Leave out all pictures. Extract exactly the lines from the one containing "Functional Medicine Website" through the end of the data.
** Opening Given information block **
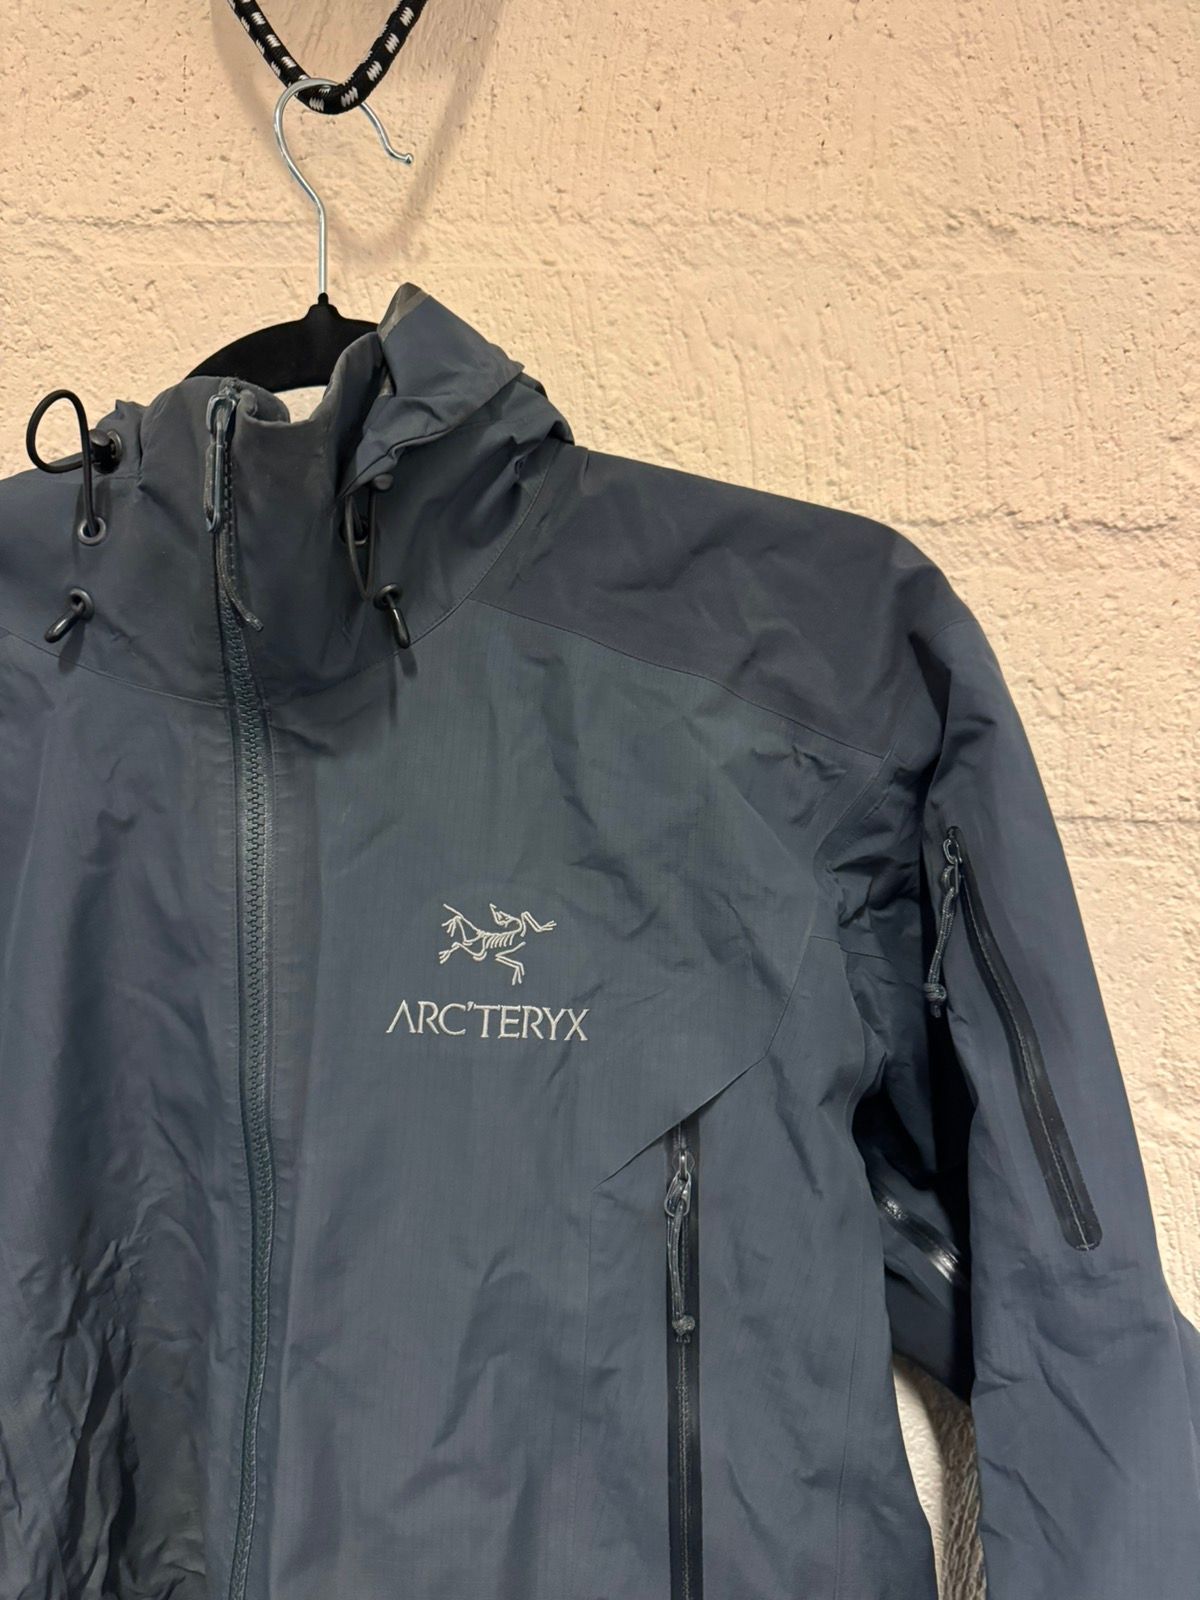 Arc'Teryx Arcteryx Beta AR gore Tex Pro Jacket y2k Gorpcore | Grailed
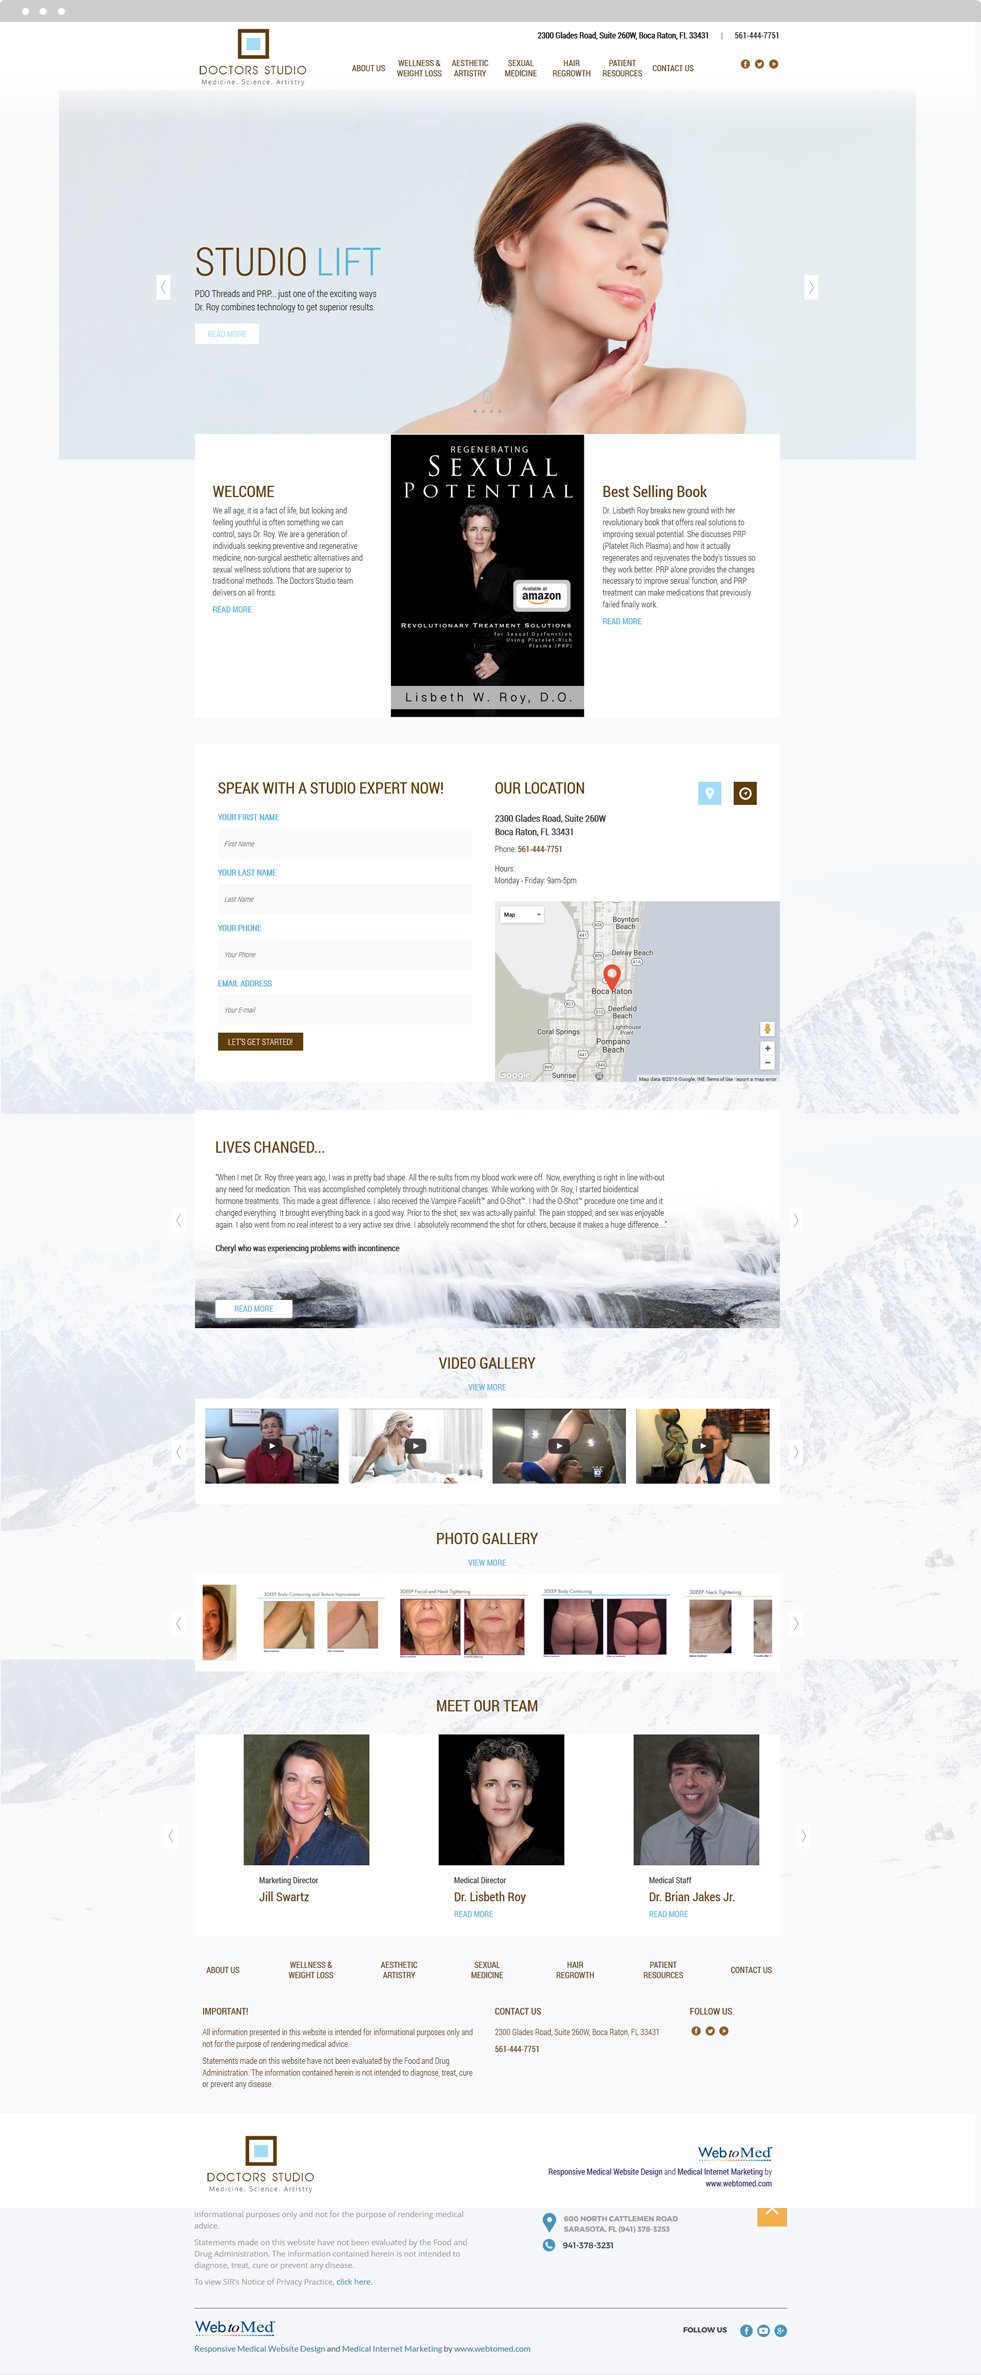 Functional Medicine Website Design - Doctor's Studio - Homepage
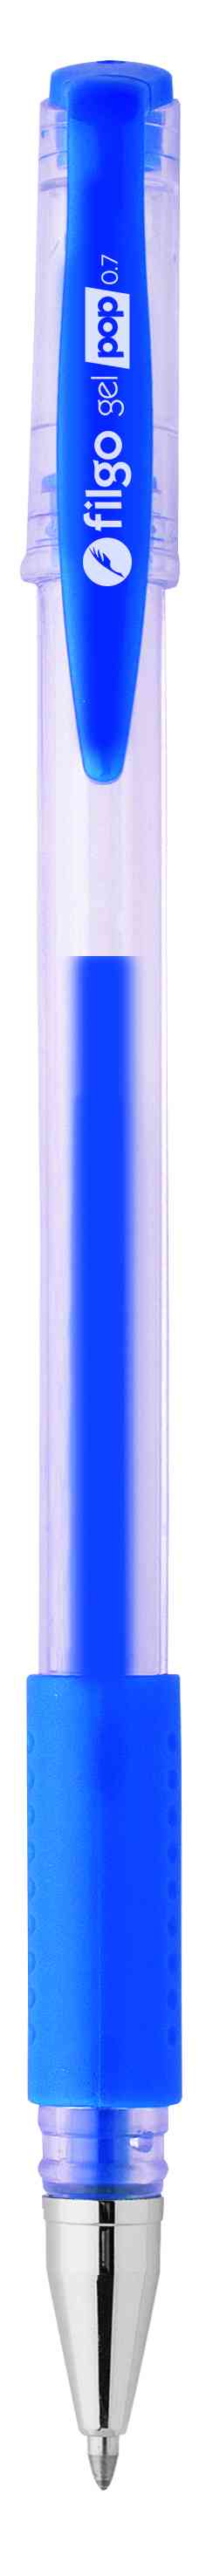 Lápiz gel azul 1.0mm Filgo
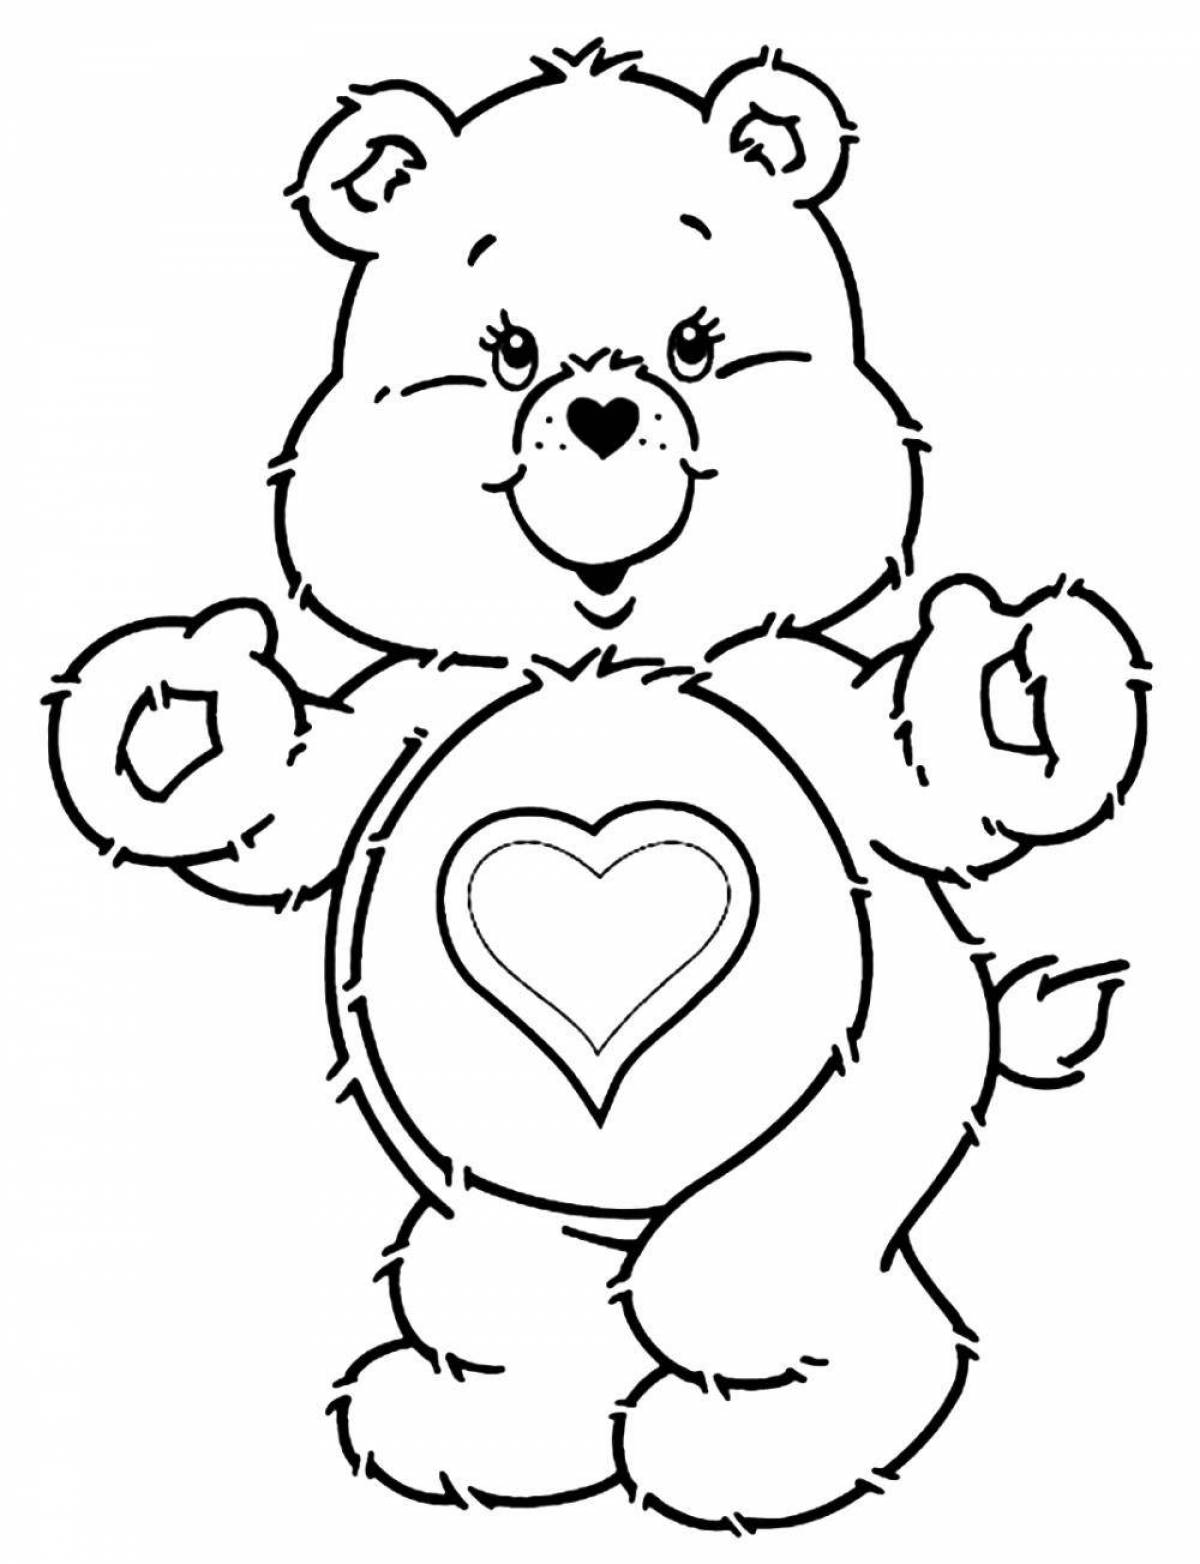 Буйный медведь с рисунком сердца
** Closing Given information block **
Output for this exercise:
 Functional Medicine Website Design - Doctor's Studio - Homepage
 Lápiz gel azul 1.0mm Filgo
 Буйный медведь с рисунком сердца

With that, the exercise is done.